The building permit was obtained by the investor on 10 August 2007, with the foundation works starting on 6 December 2007.

According to the initial architectural plans, Sky Tower would be a residential, office and commercial complex consisting of seven buildings of various heights and with an aggregate surface area exceeding 260000 sqm. One of the apartment buildings comprising Sky Tower was to be 258 m in height, including a spire (roof height at 221 m) and thus be the tallest residential building in Poland.
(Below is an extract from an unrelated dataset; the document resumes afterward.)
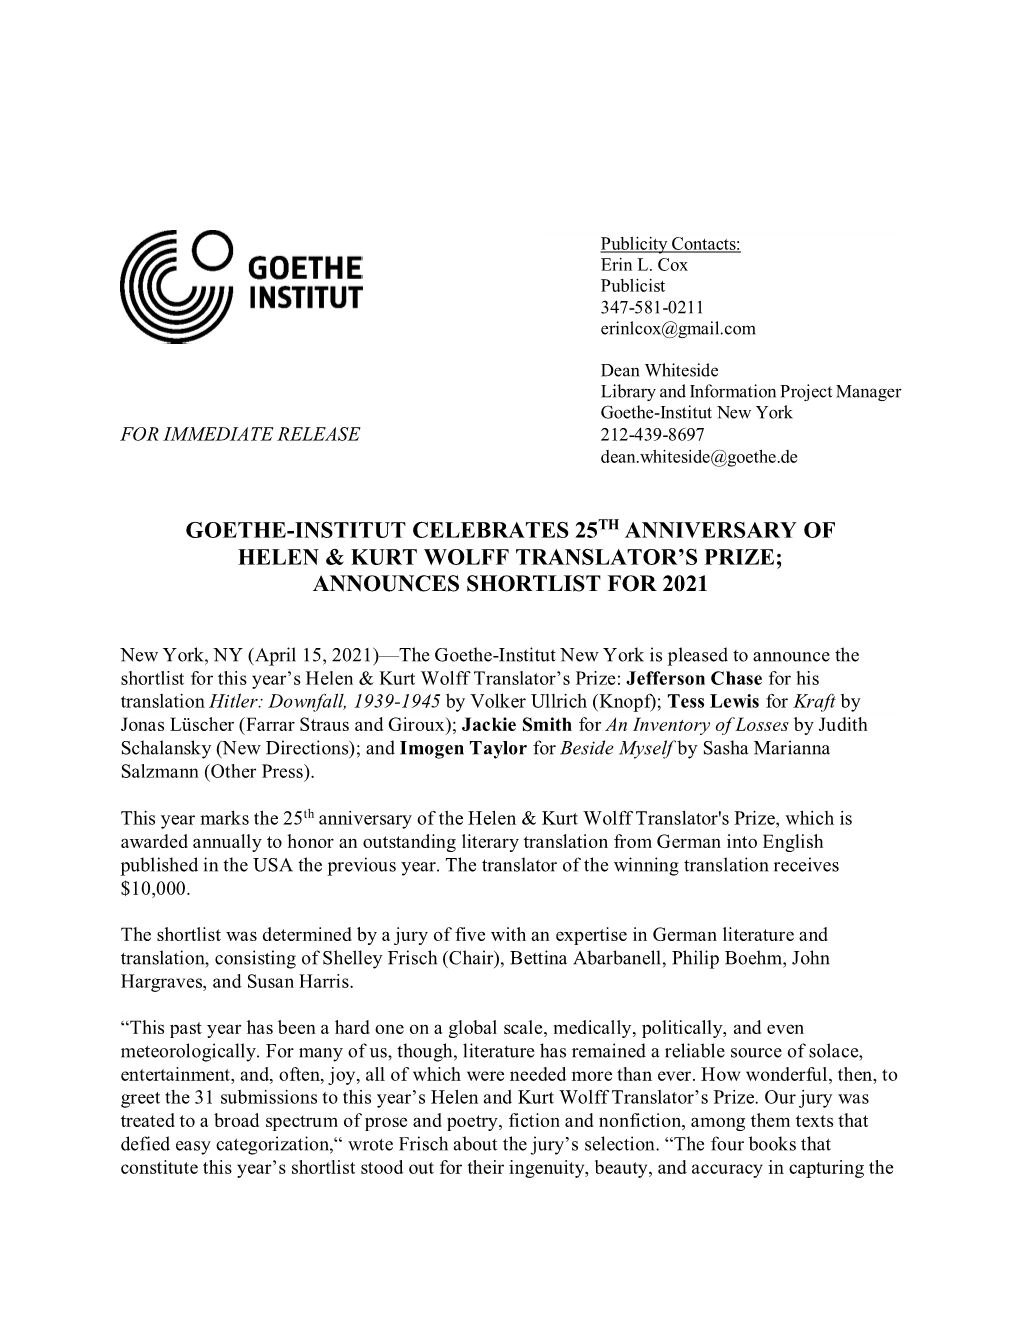 Goethe-Institut Celebrates 25Th Anniversary of Helen & Kurt Wolff Translator's Prize; Announces Shortlist for 2021

The complex was to contain a parking facility with a capacity of over 2,000 cars. Completion of the Sky Tower project was originally slated for the second half of 2010.

Like many construction sites around the world, Sky Tower was affected by the 2008 economic crisis. On 3 November 2008, the developer of the complex, LC Corp, sold the project to its main shareholder Leszek Czarnecki (shareholder Getin Holding SA), one of the richest individuals in Poland, who suspended construction for six months due to uncertain market conditions of the investment. In mid-December 2008, it was announced that the complex would be redesigned. In June 2009, after a half-year break, the construction was resumed and until the end of October the building was built according to the old design, as the investor had not yet made a final decision as to the height of the skyscraper. In November 2009, the investor announced a new design for the project.

The tower was topped-out in September 2011 and completed in early 2012. On 24 April 2012, the sculpture Profile of Time by Spanish artist Salvador Dalí was installed in front of the Sky Tower, on permanent loan from the Dalí Museum in Paris.

The opening of the complex was held on 24 May 2012.